Os possíveis efeitos da ADI 5.529 e seus impactos para o regime de proteção de patentes
Decisão do STF, a depender de seus efeitos, pode causar impactos relevantes sobre a proteção das patentes e as relações contratuais
A Ação Direta de Inconstitucionalidade (ADI) nº 5.529, ajuizada pelo procurador-geral da República, Rodrigo Janot, em 17 de maio de 2016, tem como objetivo declarar a inconstitucionalidade do parágrafo único do artigo 40 da Lei nº 9.279/1996 (Lei da Propriedade Industrial), o qual dispõe sobre o prazo de vigência das patentes de invenção e modelo de utilidade.
Muito se tem discutido sobre os possíveis desdobramentos da ação e os cenários que poderão ser enfrentados na prática caso a decisão monocrática do Ministro Relator Dias Toffoli seja referendada pelo colegiado, confirmando a inconstitucionalidade da norma. Dando continuidade à sequência de publicações do Mattos Filho sobre o tema, veja abaixo os principais pontos que envolvem essa decisão, como suas implicações e impactos em contratos, além de detalhes sobre o atual sistema de patentes no Brasil, suas funções e seu atual regime de proteção.
Os possíveis efeitos da decisão da ADI 5.529
O julgamento da ADI 5.529, do Superior Tribunal Federal (STF), é uma tentativa de resolver um dilema antigo entre garantir ao titular da patente um tempo mínimo para usufruir de sua invenção com exclusividade ou evitar o monopólio legal propiciado por um prazo não estabelecido do modo fixo para proteção das patentes.
Vale esclarecer que, caso confirmada, a inconstitucionalidade do parágrafo único do artigo 40 poderá ser declarada com três diferentes efeitos:
- Efeitos ex tunc, ou seja, afetando retroativamente todas as patentes, concedidas ou não;
- Efeitos modulados para afetar apenas as patentes que venham a ser concedidas a partir da data da confirmação da decisão;
- Efeitos modulados para afetar apenas as patentes que venham a ser depositadas a partir da data da confirmação da decisão.

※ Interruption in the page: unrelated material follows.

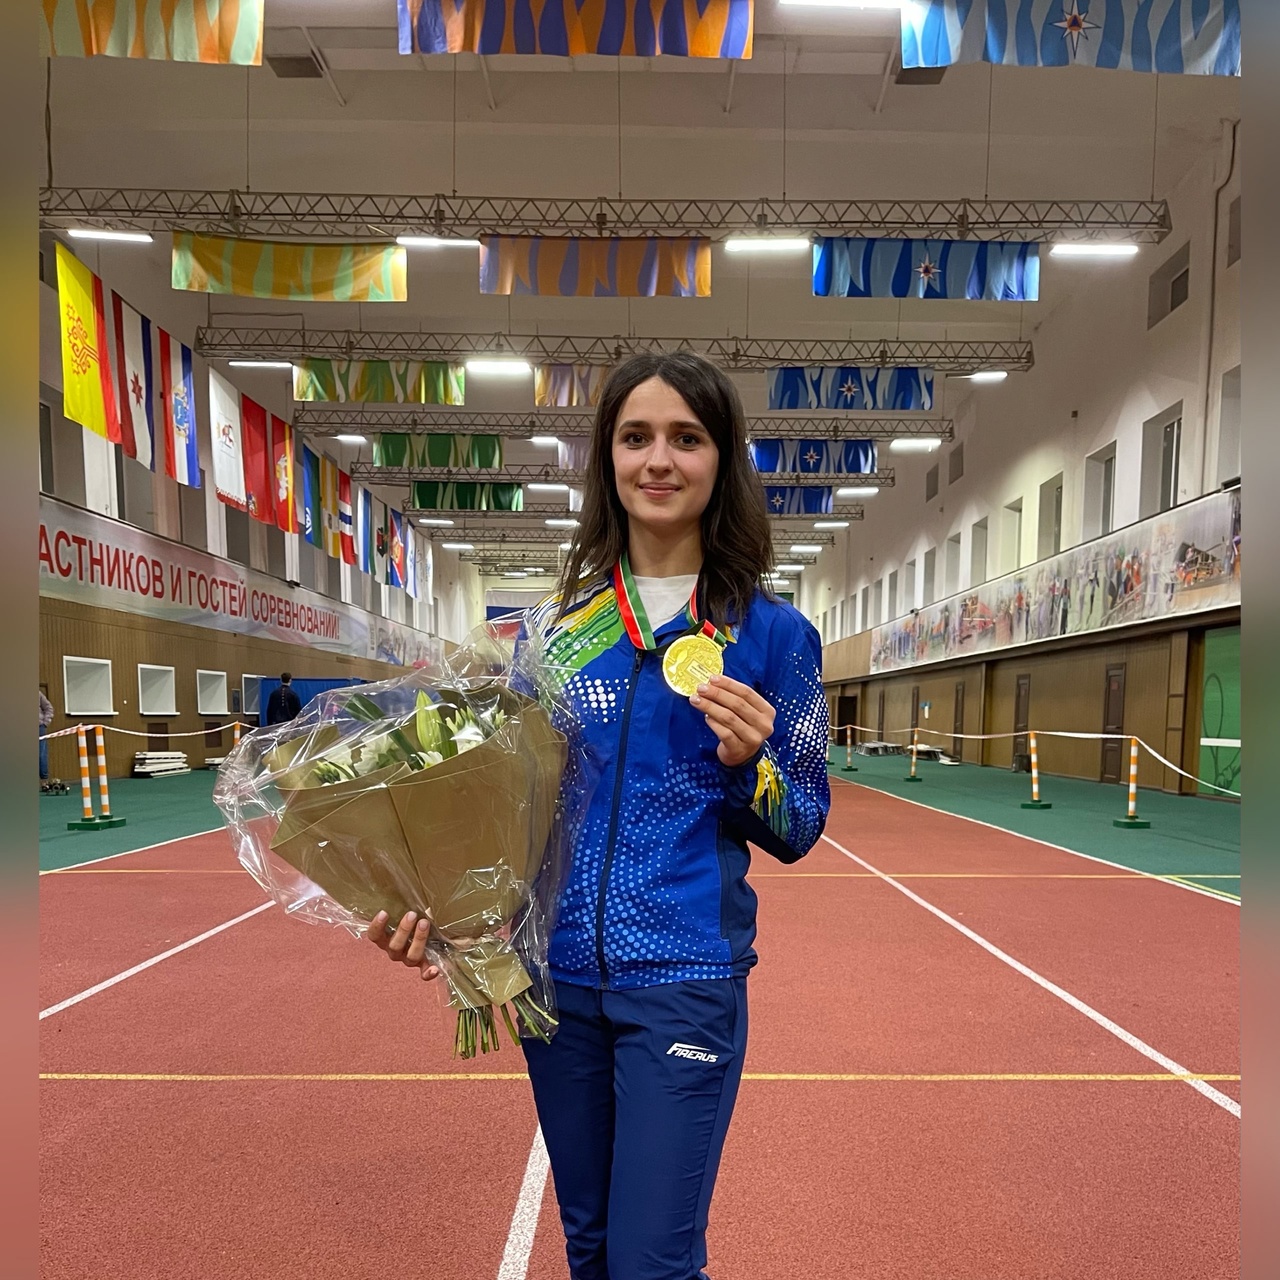 70 медалей в 23 года: спортсменка-МЧСница из Чепецка рассказала об уголке славы и мечтах

Como seriam os efeitos na prática
No efeito ex tunc, os titulares das patentes que já estejam desfrutando ou desfrutaram do prazo mínimo previsto no parágrafo único (ou seja, patentes de invenção concedidas após 10 anos de trâmite no INPI) teriam o direito de exclusividade sobre o referido ativo corrigido para o prazo de proteção aos 20 anos subsequentes ao seu depósito. Estima-se que, apenas nessa situação, mais de 36 mil patentes seriam afetadas. Também nesse contexto, aqueles que já tivessem depositado o pedido de patente há mais de 20 anos, caso viessem a obter sua concessão, receberiam uma patente sobre a qual já não teriam qualquer direito de exclusividade – estando presente apenas o direito de reparação por eventual uso não autorizado desde o depósito da patente.

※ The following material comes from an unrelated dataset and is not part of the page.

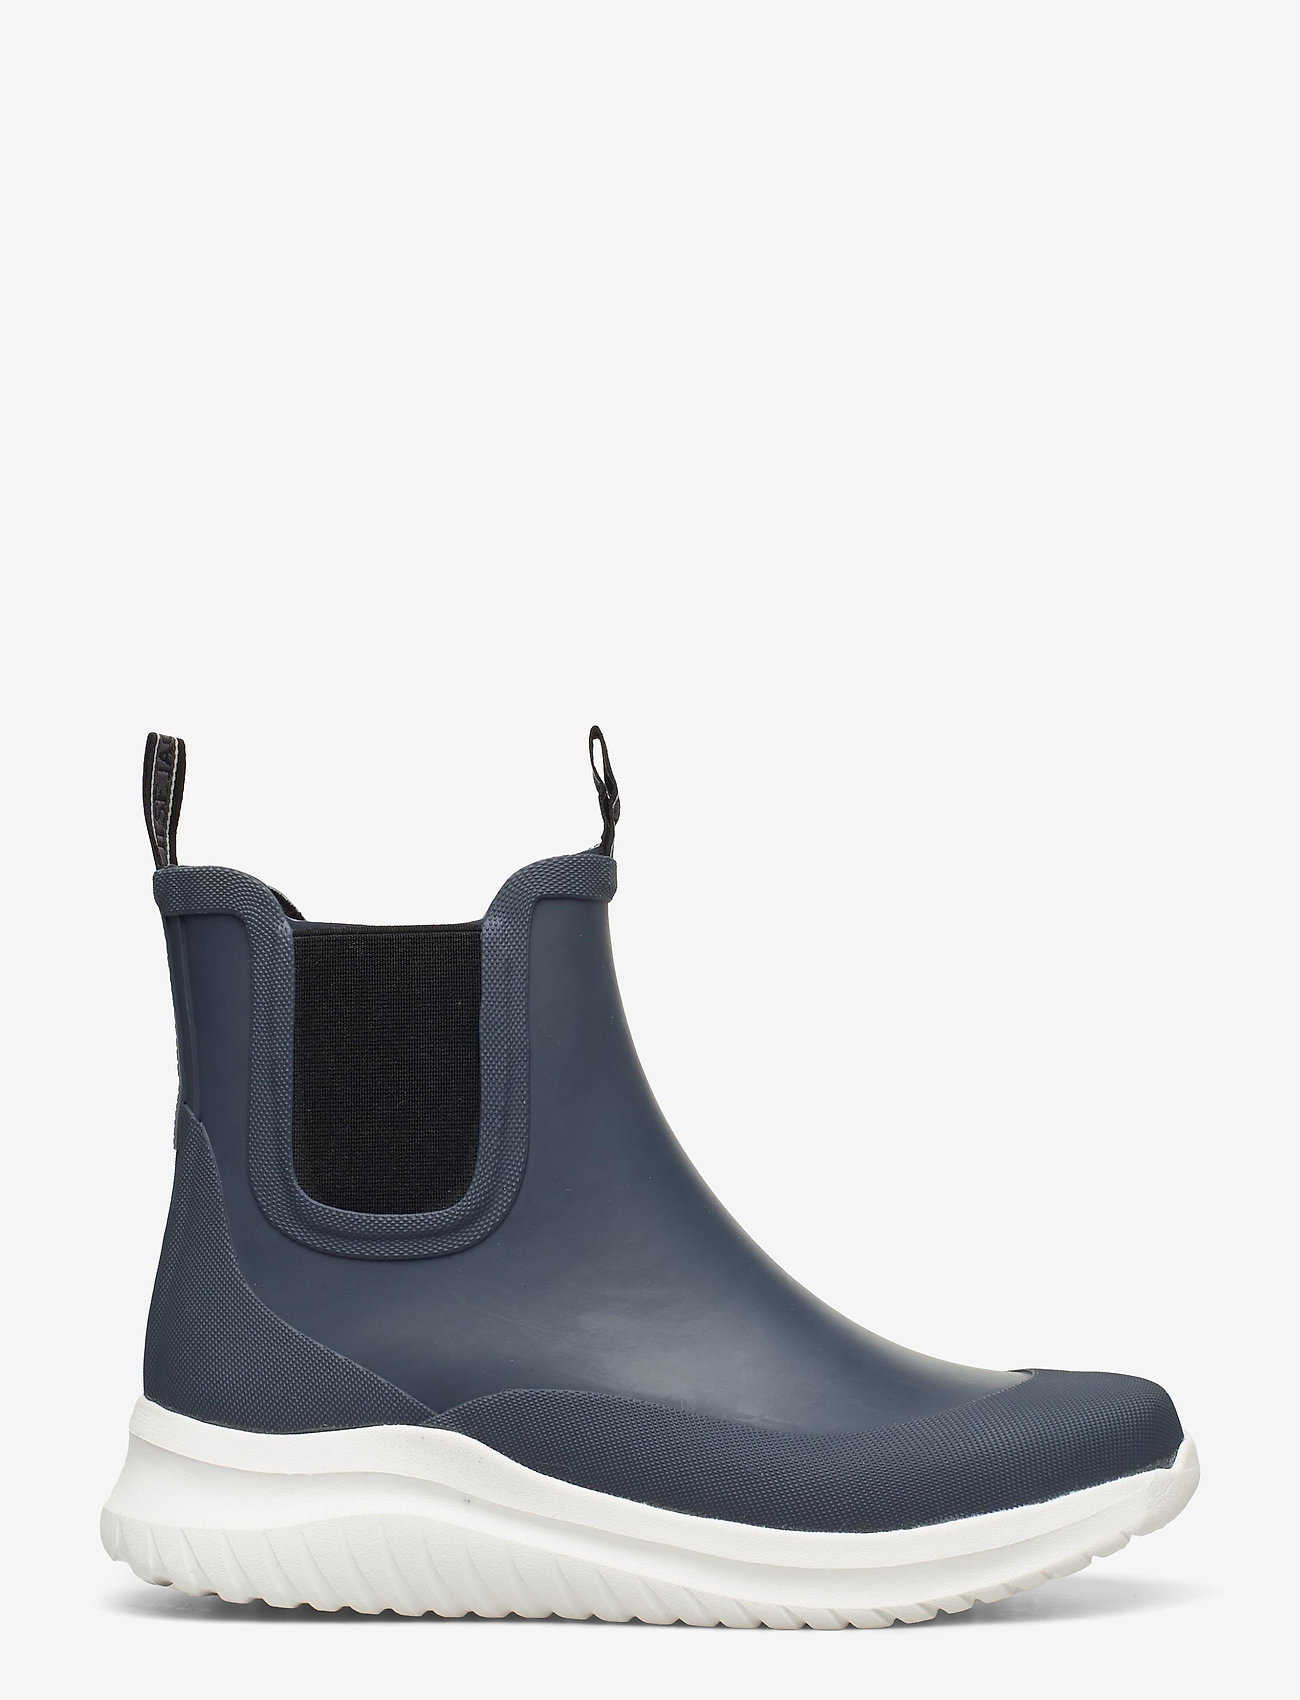 Ilse Jacobsen - Rubber boots ankel - women - orion blue - 0

O segundo cenário, certamente mais brando, significaria que todas as patentes vigentes seriam mantidas tal como estão, mas aquelas que viessem a ser concedidas a partir da data de confirmação da decisão teriam o seu prazo de exclusividade limitado aos 20 anos posteriores data de depósito – ou seja, também seriam afetados aqueles que estivessem enfrentando o processo administrativo há mais de 20 anos, recebendo, em caso de concessão, uma patente sobre a qual não teriam exclusividade.
Na terceira hipótese, por fim, só seriam afetados aqueles que depositassem seus pedidos de patente a partir da data de confirmação da declaração de inconstitucionalidade do parágrafo único. Essa alternativa, caso adotada, deixaria de prejudicar aqueles que depositaram seus pedidos de patente com a expectativa de que, ao menos por 10 anos após a concessão, o exercício do direito de exclusividade lhes seria garantido. Significaria, por outro lado, uma medida sem efeitos relevantes a curto prazo, contrariando o senso de urgência reconhecido pelo Ministro Relator em sua decisão monocrática.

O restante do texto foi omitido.